A syllogism can relate to anything if it's constructed as an argument in which X is Y; Y is Z; therefore, X is Z. This kind of reasoning is called deductive; two premises support a logical conclusion.
Here's an example of a syllogism:
Only someone with proper training should fly airplanes.
Charles Lindbergh has the proper training.
Therefore, Charles Lindbergh should be allowed to fly an airplane.
References to syllogisms surface in literature. In The Mill on the Floss, George Eliot writes,
"And so the poor child, with her soul's hunger and her illusions of self-flattery, began to nibble at this thick-rinded fruit of the tree of knowledge, filling her vacant hours with Latin, geometry, and the forms of the syllogism, and feeling a gleam of triumph now and then that her understanding was quite equal to these peculiarly masculine studies."
In Far from the Madding Crowd, Thomas Hardy notes,
"Many of her thoughts were perfect syllogisms; unluckily they always remained thoughts.

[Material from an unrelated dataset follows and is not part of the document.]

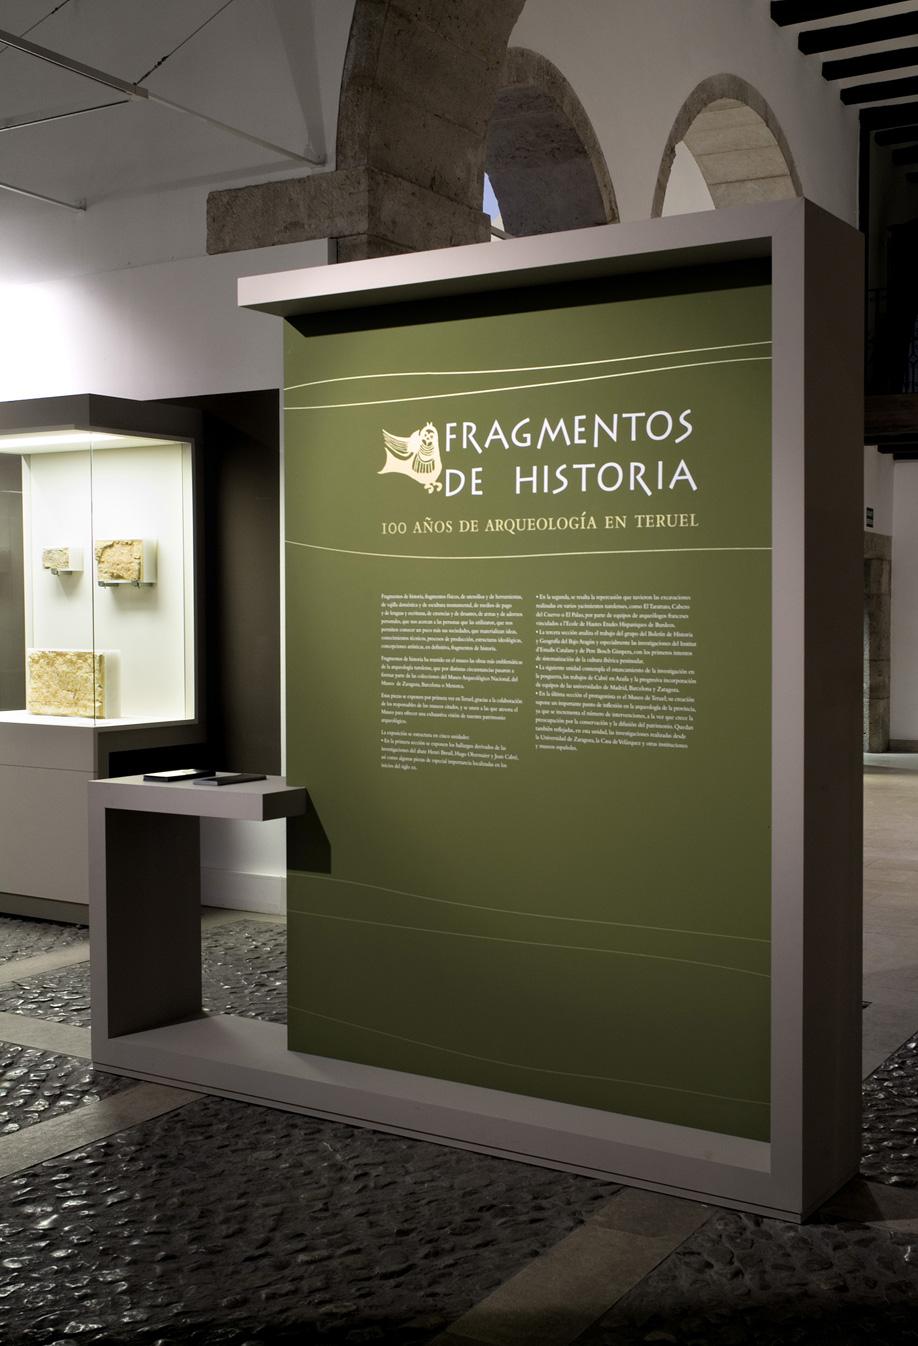 Cien_anos_de_arqueologia_en_teruel_1.jpg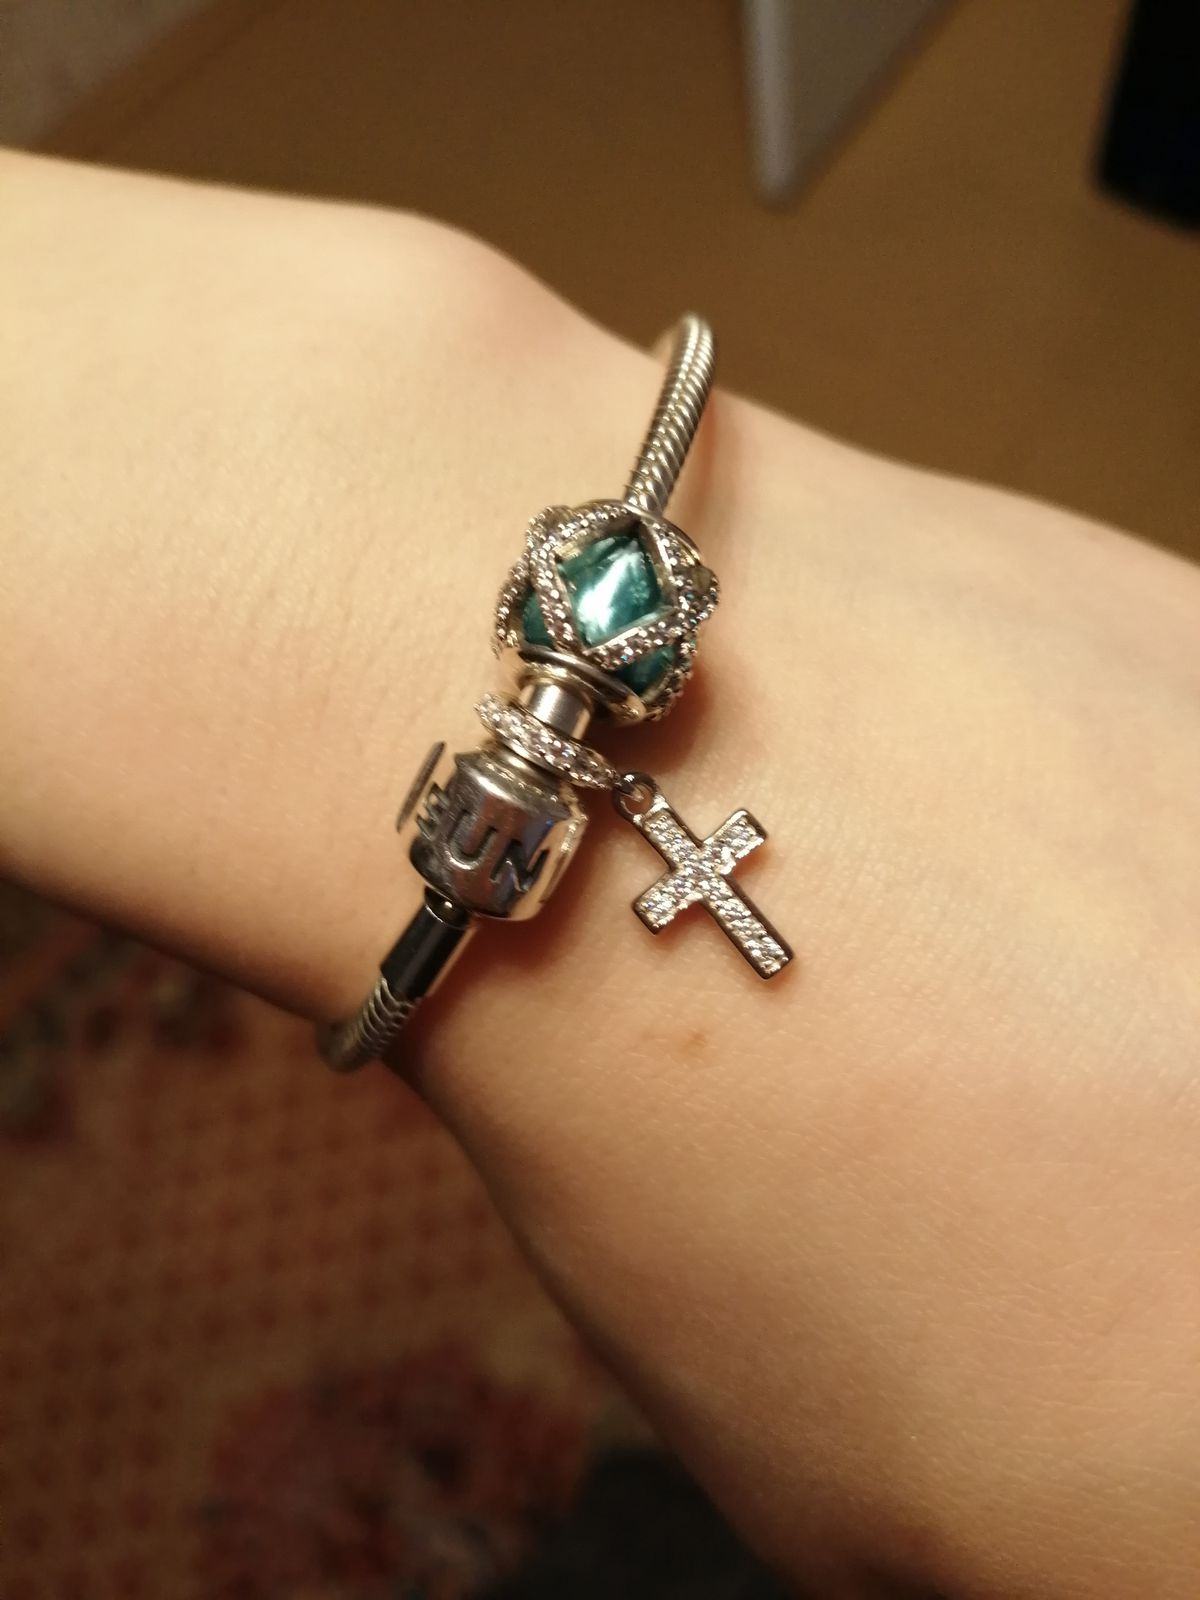 Обожаю кресты! Этот крестик идеален!

Only a few were irrational assumptions; but, unfortunately, they were the ones which most frequently grew into deeds."
The same author says in his 19th-century novel Tess of the d'Urbervilles,
"She reflected; and with her acute memory for the letter of Angel Clare's remarks, even when she did not comprehend their spirit, she recalled a merciless polemical syllogism that she had heard him use when, as it occasionally happened, he indulged in a species of thinking aloud with her at his side."
And, in case you were wondering, polemical refers to a controversial argument.